Inequalities on a Number Line

A number line graph makes an inequality visual. Instead of describing a solution set with symbols — x > 3, -2 ≤ x < 5 — the graph shows the same information as a shaded region on a horizontal axis. Every point in the shaded region is a value that satisfies the inequality. Every unshaded point does not.

The graph has two parts: the endpoint marker and the shading. The endpoint marker is a circle placed at the boundary value. An open circle means the boundary is not in the solution. A closed circle means it is. The shading extends from the circle in the direction of all values that satisfy the inequality — left for less than, right for greater than, or between two circles for a bounded interval.

Reading a number line graph is the reverse of drawing one. Given a graph, identify the circle type to determine whether the symbol is strict or inclusive, then identify the shading direction to determine whether the symbol is greater than or less than.
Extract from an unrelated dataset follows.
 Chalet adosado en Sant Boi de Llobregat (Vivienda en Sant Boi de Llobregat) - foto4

A concept becomes durable only when you can move from the rule back into a fresh problem. The calculator is useful here because it lets you test the exact pattern from this article, compare your work with the step list, and verify the final graph or notation.
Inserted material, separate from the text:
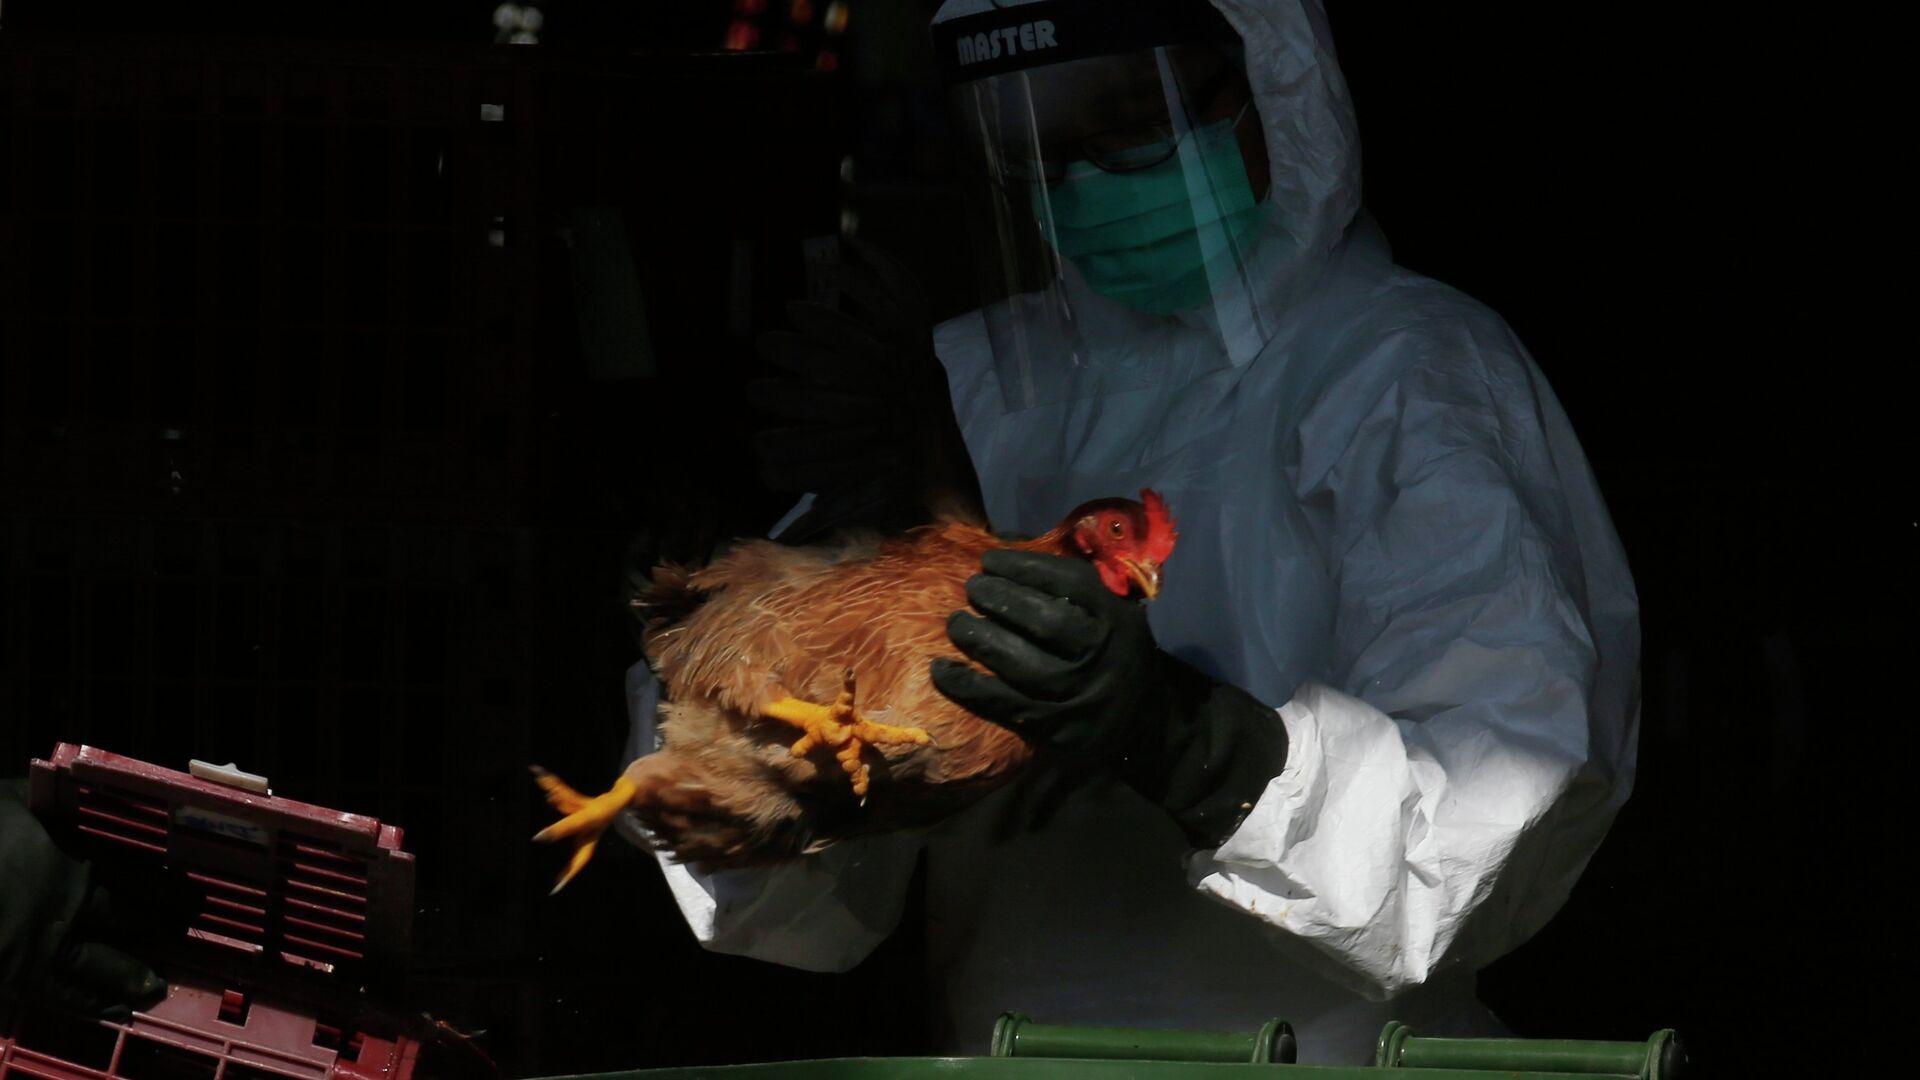 La gripe aviar (imagen referencial) - Sputnik Mundo, 1920, 12.03.2021

Start with the number line inequality calculator when you want to check circle placement and shading fast. If you want a focused visual primer before that, review how to graph inequalities on a number line, and if the symbol itself is the source of confusion, revisit inequality symbols.

For split-region practice, compare the same input with the compound inequality calculator. That makes it easier to see when a graph should become one bounded interval and when it should become two separate rays.

Reading a number line graph means converting the visual information back into an inequality or interval notation. Start with the circle type: an open circle means the symbol is strict (> or <), and a closed circle means the symbol is inclusive (≥ or ≤). Then look at the shading direction: shading to the right means greater than, shading to the left means less than.

For a bounded interval, read both circles and the region between them. A closed circle at -2 and an open circle at 5 with shading between them reads as -2 ≤ x < 5 or [-2, 5). For a union graph with two separate rays, read each ray independently and join them with OR: a ray going left from an open circle at -1 and a ray going right from a closed circle at 3 reads as x < -1 or x ≥ 3, or (-∞, -1) ∪ [3, +∞).

When a number line graph shows two separate rays with a gap between them, the gap represents every value that satisfies neither part of the OR inequality. For x < -1 or x ≥ 3, the gap is the region from -1 to 3. A value like x = 0 is not less than -1 and not greater than or equal to 3, so it is correctly excluded from the shaded region.

Students sometimes shade the gap instead of the outer regions, which produces the graph for a compound AND inequality rather than an OR inequality. The test is simple: pick a value in the gap and check whether it satisfies either part of the original inequality. If it does not, the gap should be unshaded.

Every number line graph has an exact interval notation equivalent, and every interval notation expression has an exact number line graph. They are two representations of the same solution set, not two different answers.

This means you can always check your interval notation by sketching the corresponding number line graph, or check your graph by writing the interval notation and verifying the bracket types match the circle types. If the graph shows a closed circle at -2 but the interval notation writes (-2, 5), the representations disagree and one of them contains an error.

Concept pages are useful only if they transfer back into actual problem solving. After reading this guide, the best next step is to practice both directions: drawing a graph from an inequality and reading an inequality from a graph. The two skills reinforce each other.

The calculator pages linked here are meant to shorten that feedback loop. You can test a new inequality, inspect the number line output, and compare the graph with the interval notation to confirm that your visual model is consistent.

After you sketch a graph, rewrite it in interval notation and check whether the bracket types match the circle types. The visual graph and the notation should describe the same set without contradiction.